By:	Lincoln Stein and Doug MacEachern
Published:	O'Reilly & Associates, Inc. - March 1999

Show Contents Previous Page Next Page

Chapter 10 - C API Reference Guide, Part I / Processing Requests
The BUFF API

All the I/O functions that were described in the previous two sections took the request record as an argument. Internally, these functions make calls to a lower-level I/O API that operates on the BUFF* stored in the connection record in the client field. There is a close parallelism between the request-oriented I/O functions and the connection-oriented ones. They have almost identical names, but the prefix ap_r is replaced by ap_b, and instead of taking a request record as their argument, they take a BUFF pointer. So, for instance, instead of calling:

ap_rputs("<H1>In the Beginning</H1>", r);

you could call:

ap_bputs("<H1>In the Beginning</H1>", r->connection->client);

You will probably never have to use the BUFF API in the ordinary course of events. The only exception is if your module needs to open a pipe to another process. In this case, the ap_bspawn_child() routine returns a BUFF stream connected to the external process.

In most cases, the function prototypes for the BUFF functions are similar to the prototypes of their corresponding request-oriented calls, except that the request_rec* is replaced by a BUFF*. But be wary: in several cases the arguments are swapped so that the BUFF* comes first in the argument list rather than last.

The buffer functions are defined in the header file include/buff.h:

int ap_bwrite (BUFF *fb, const void *buf, int nbyte)
int ap_bputs (const char *x, BUFF *fb)
int ap_bvputs (BUFF *fb,...)
int ap_bputc (int c, BUFF *fb)
int ap_bprintf (BUFF *fb, const char *fmt,...)
long ap_send_fb (BUFF *fb, request_rec *r)
long ap_send_fb_length (BUFF *fb, request_rec *r, long length)
int ap_bflush (BUFF *fb)

These output functions are identical to their ap_r counterparts but take a BUFF* as their argument.

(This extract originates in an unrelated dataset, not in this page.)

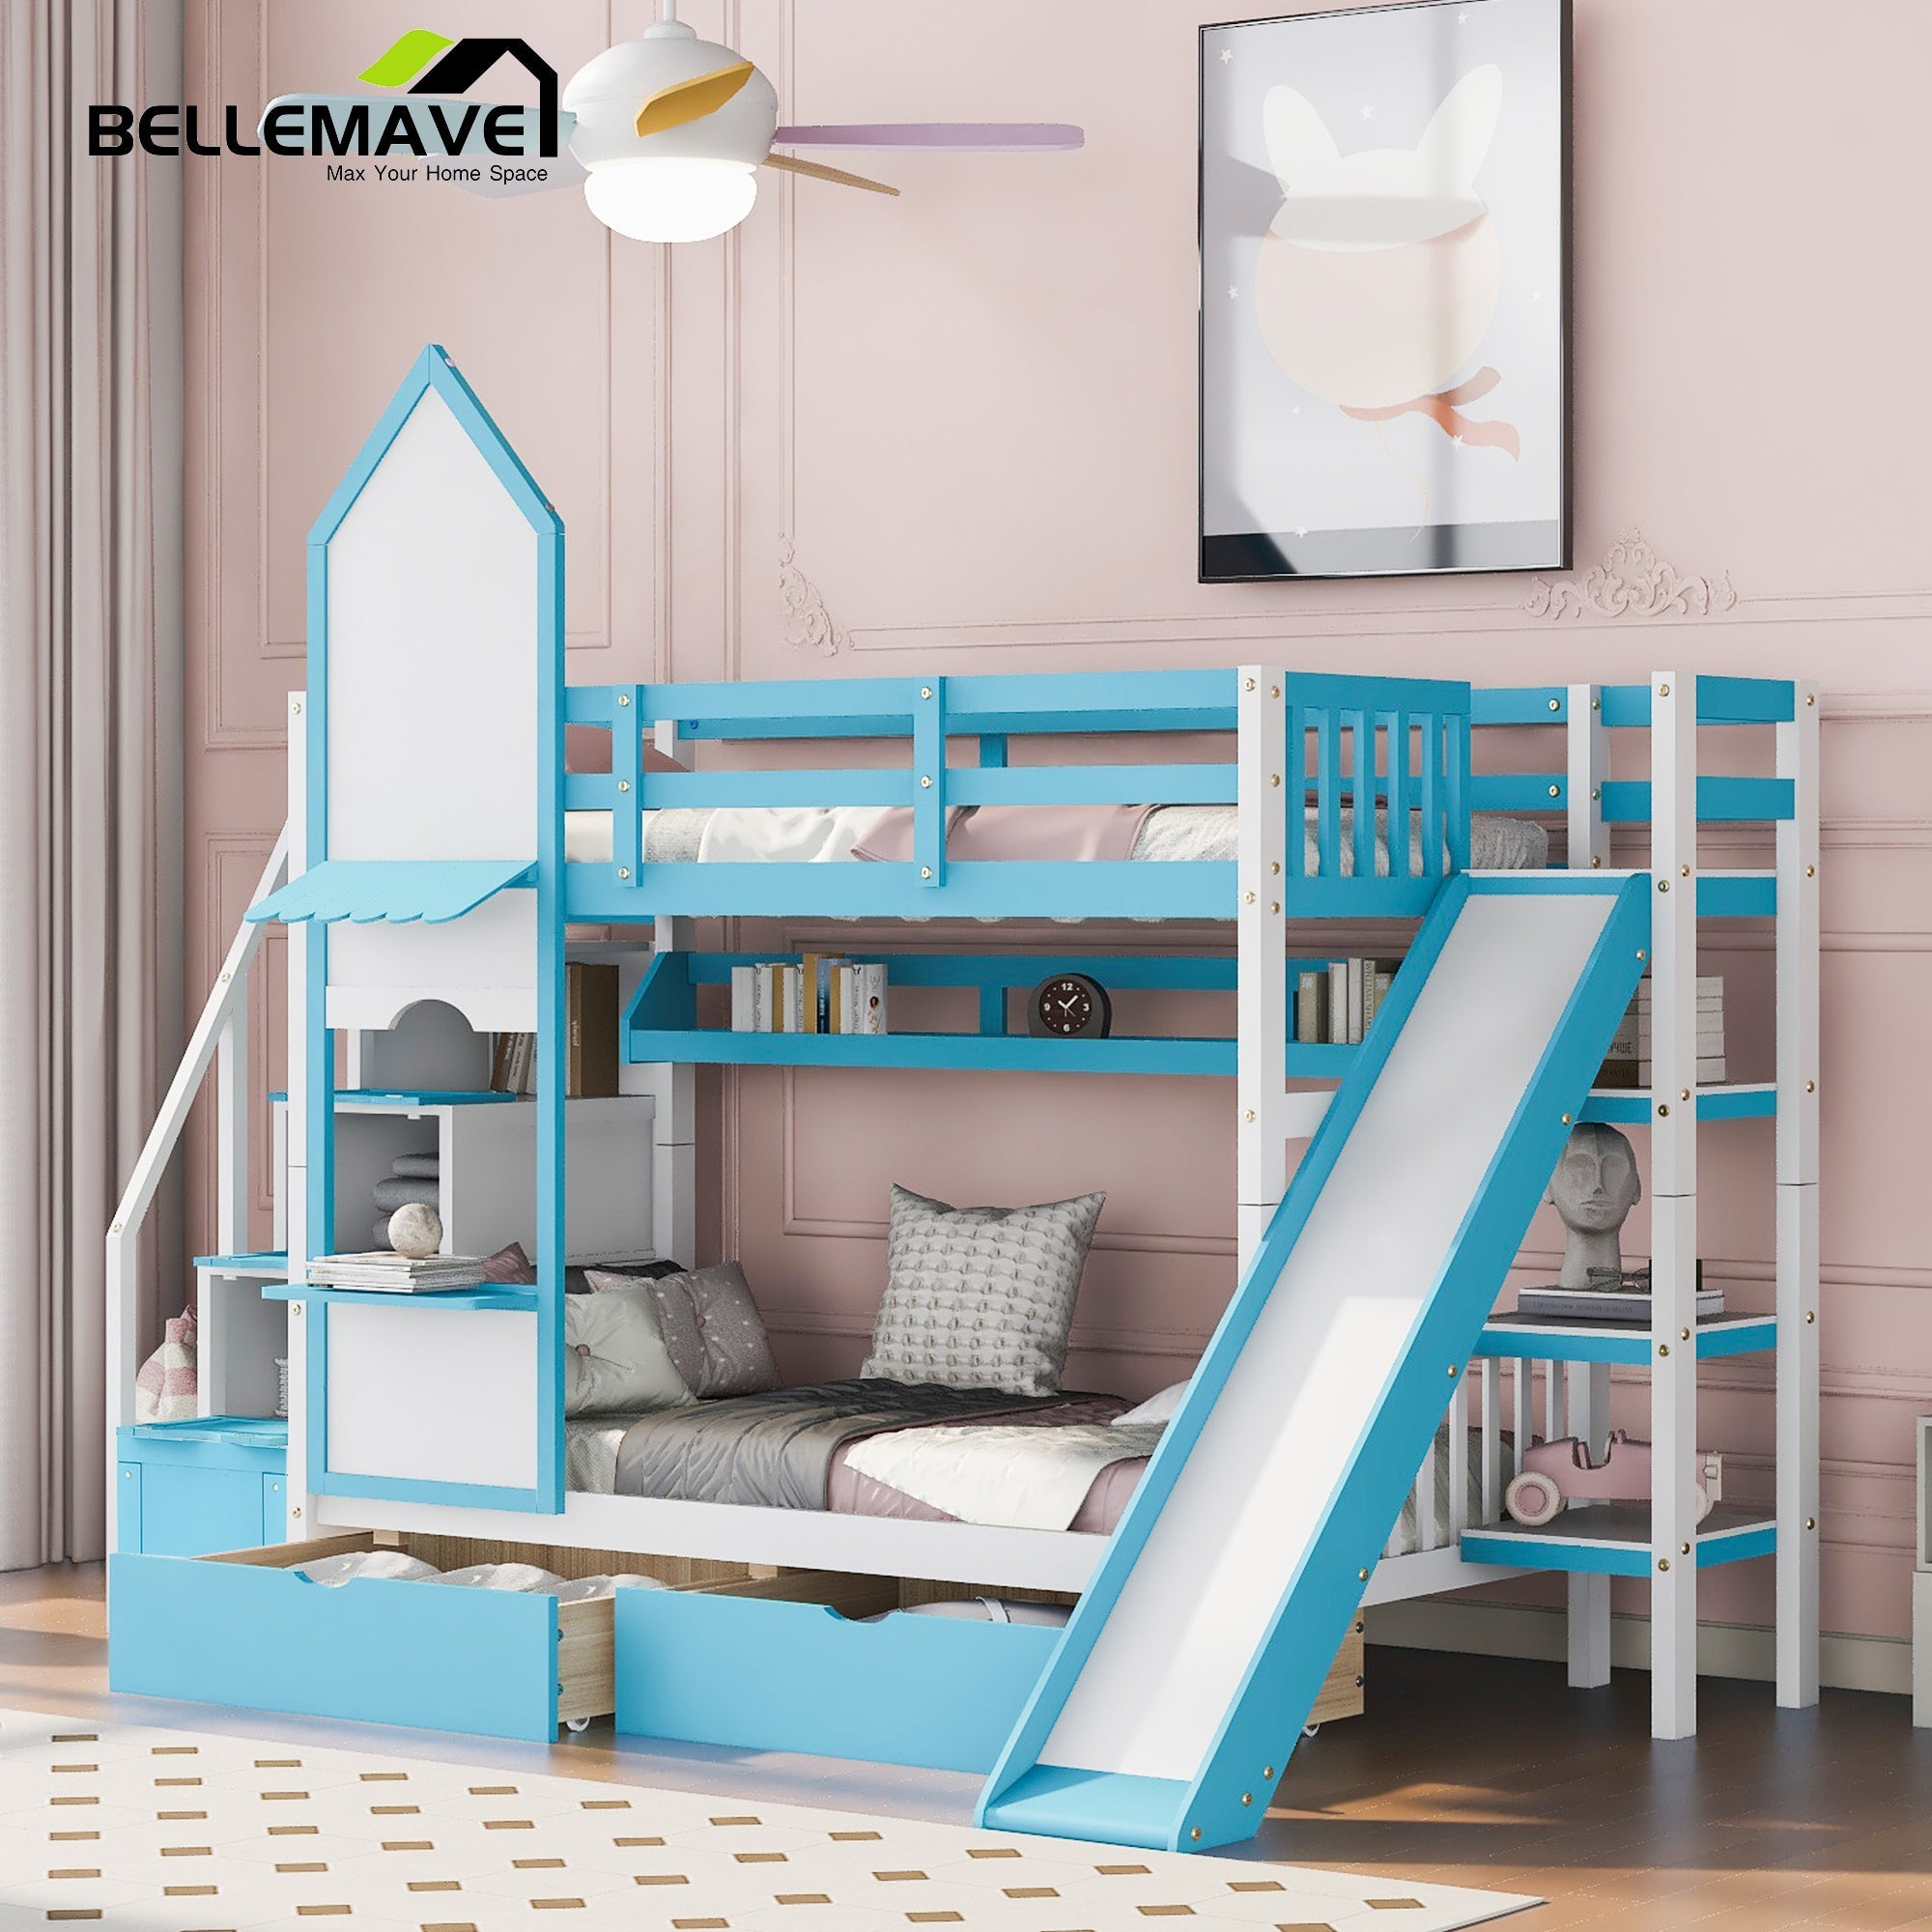 BELLEMAVE Kids Castle Bunk Bed with Storage Drawers, Shelf, Slide and Safety Guardrail, Twin over Twin Bunk Bed with Stairs, Castle Bunk Bed/Playhouse Bed for Girls, Boys, Kids(Blue)

Usually, this argument will be retrieved from the connection record by calling r->connection->client, assuming that r is the current request record.
Note that ap_send_fb() and ap_send_fb_length() correspond to ap_send_fd() and ap_send_ fd_length() and are responsible for sending the contents of the file or process pointed to by the first argument.

int ap_bread (BUFF *fb, void *buf, int nbyte)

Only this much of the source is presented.